Preventing inventory fraud typically involves maintaining strong inventory controls, segregating duties related to inventory management, conducting regular physical inventory counts and reconciling them with recorded quantities, and implementing systems that track inventory movements.
Example of Fraud Schemes Related to Inventory
Here are examples of inventory fraud schemes:
- Physical Theft of Inventory: An employee working in a warehouse for an electronics retailer takes a few smartphones off the shelves and sneaks them out of the building to sell online. This is a clear example of physical inventory theft.
- Inventory Shrinkage Fraud: A bookstore employee has been stealing books over a period. During a routine inventory check, the employee deliberately miscounts and reports higher numbers to match the records, thus covering up the theft.

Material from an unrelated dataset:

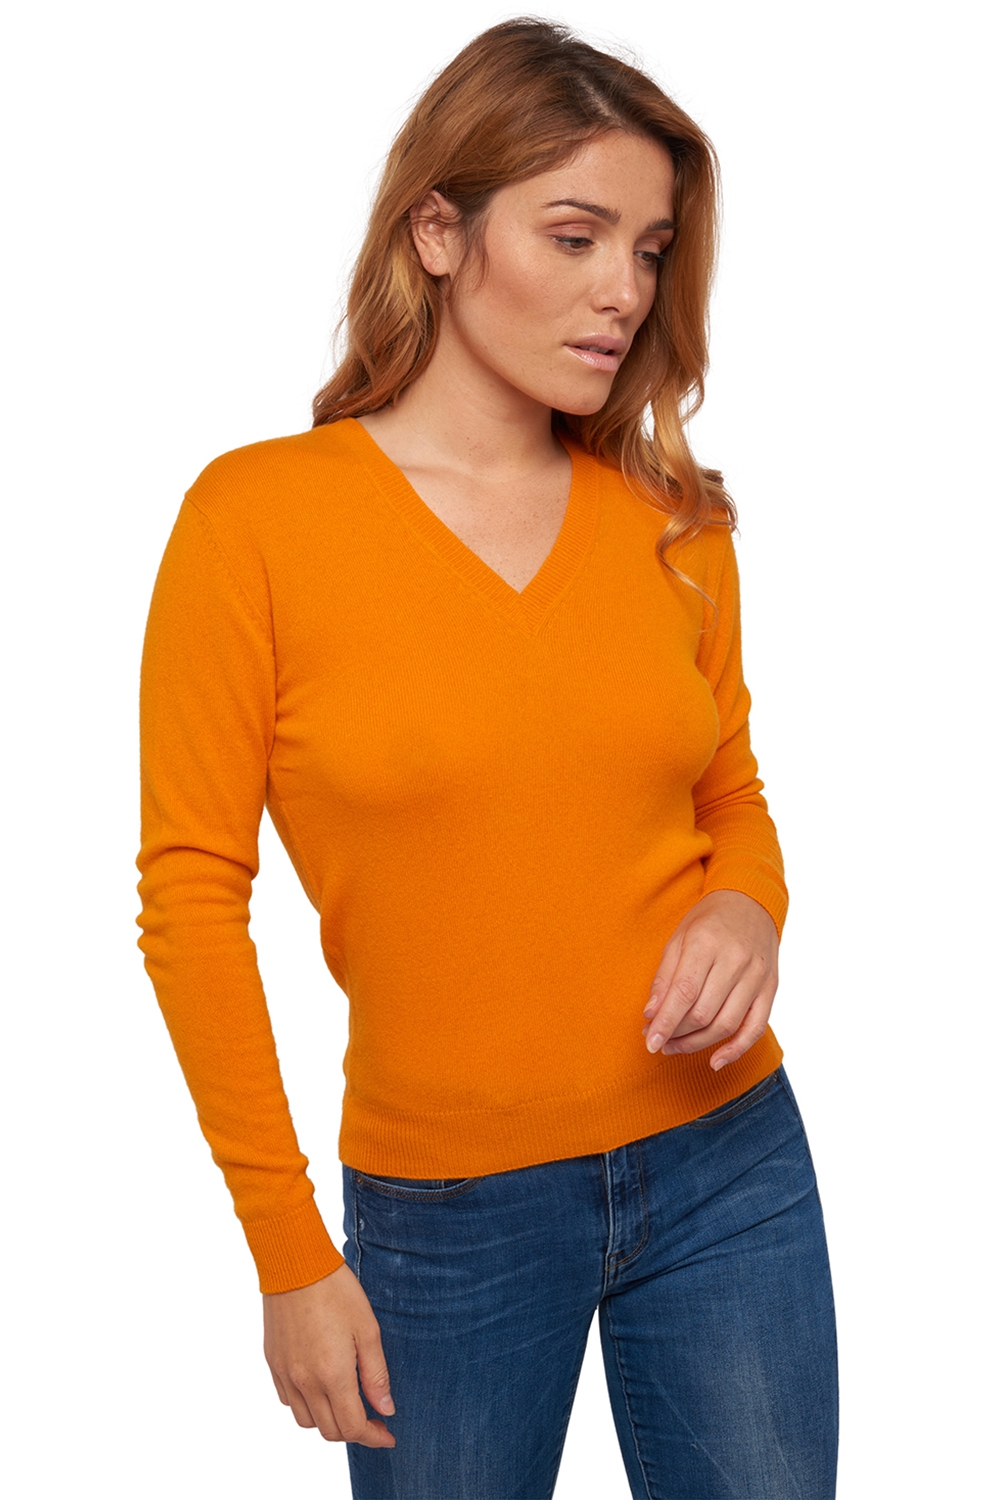 Kasjmier dames kasjmier basic pullovers voor lage prijzen tessa first orange xl

- Purchase and Receiving Schemes: An employee working in the receiving department of a company colludes with a supplier. The supplier bills for 100 units of a product, but only delivers 90. The employee verifies receipt of 100 units, and they split the proceeds from the sale of the missing 10 units.

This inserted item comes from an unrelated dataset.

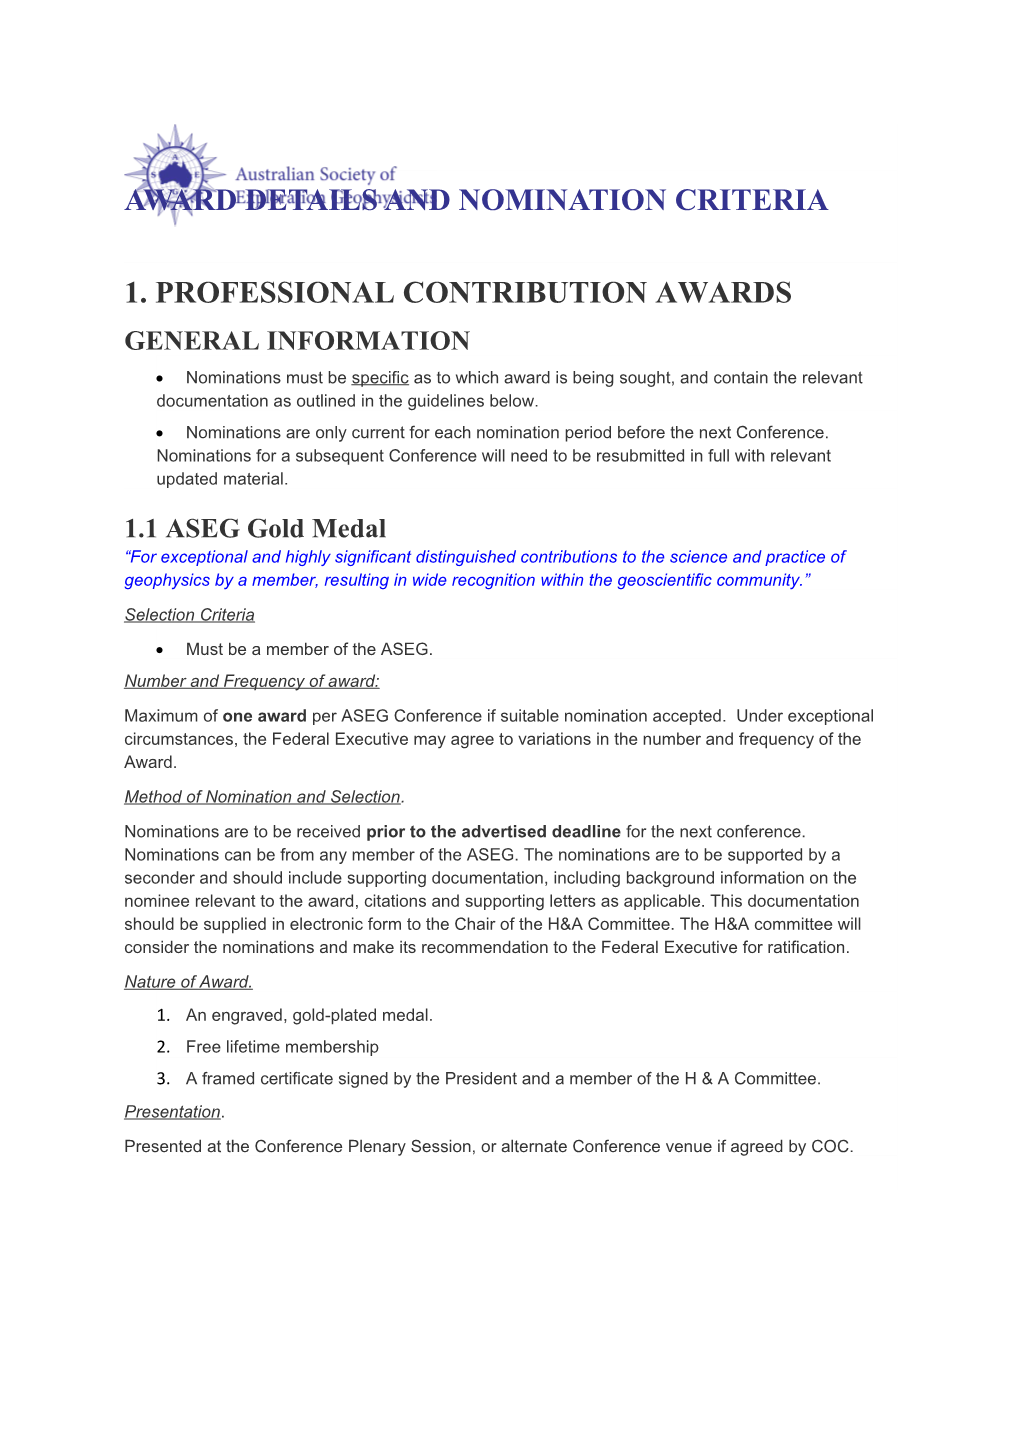 Award Details and Nomination Criteria

- Sales and Shipping Schemes: An employee in a clothing company’s shipping department colludes with a customer. The customer orders and pays for 50 shirts, but the employee ships 60 shirts and receives payment for the extra 10 directly from the customer.
- False Inventory Valuation: A manager at a manufacturing company realizes the company is not going to meet its projected earnings for the year. To close the gap, they overstate the value of the company’s inventory, thus artificially inflating the company’s assets and net income on the financial statements.
- Inventory Transfers: An employee working at a chain of hardware stores moves items from one store to another without recording the transfers, then sells the unrecorded items and pockets the cash.
- Scrap Sales Fraud: In a manufacturing company, an employee tasked with disposing of scrap metal secretly sells it to a scrap dealer and keeps the profits.
These examples illustrate how inventory fraud can be committed at various points in the supply chain, from receipt of goods to inventory counting, and even during disposal of scrap. Strong inventory controls and regular audits are crucial in preventing and detecting such fraud.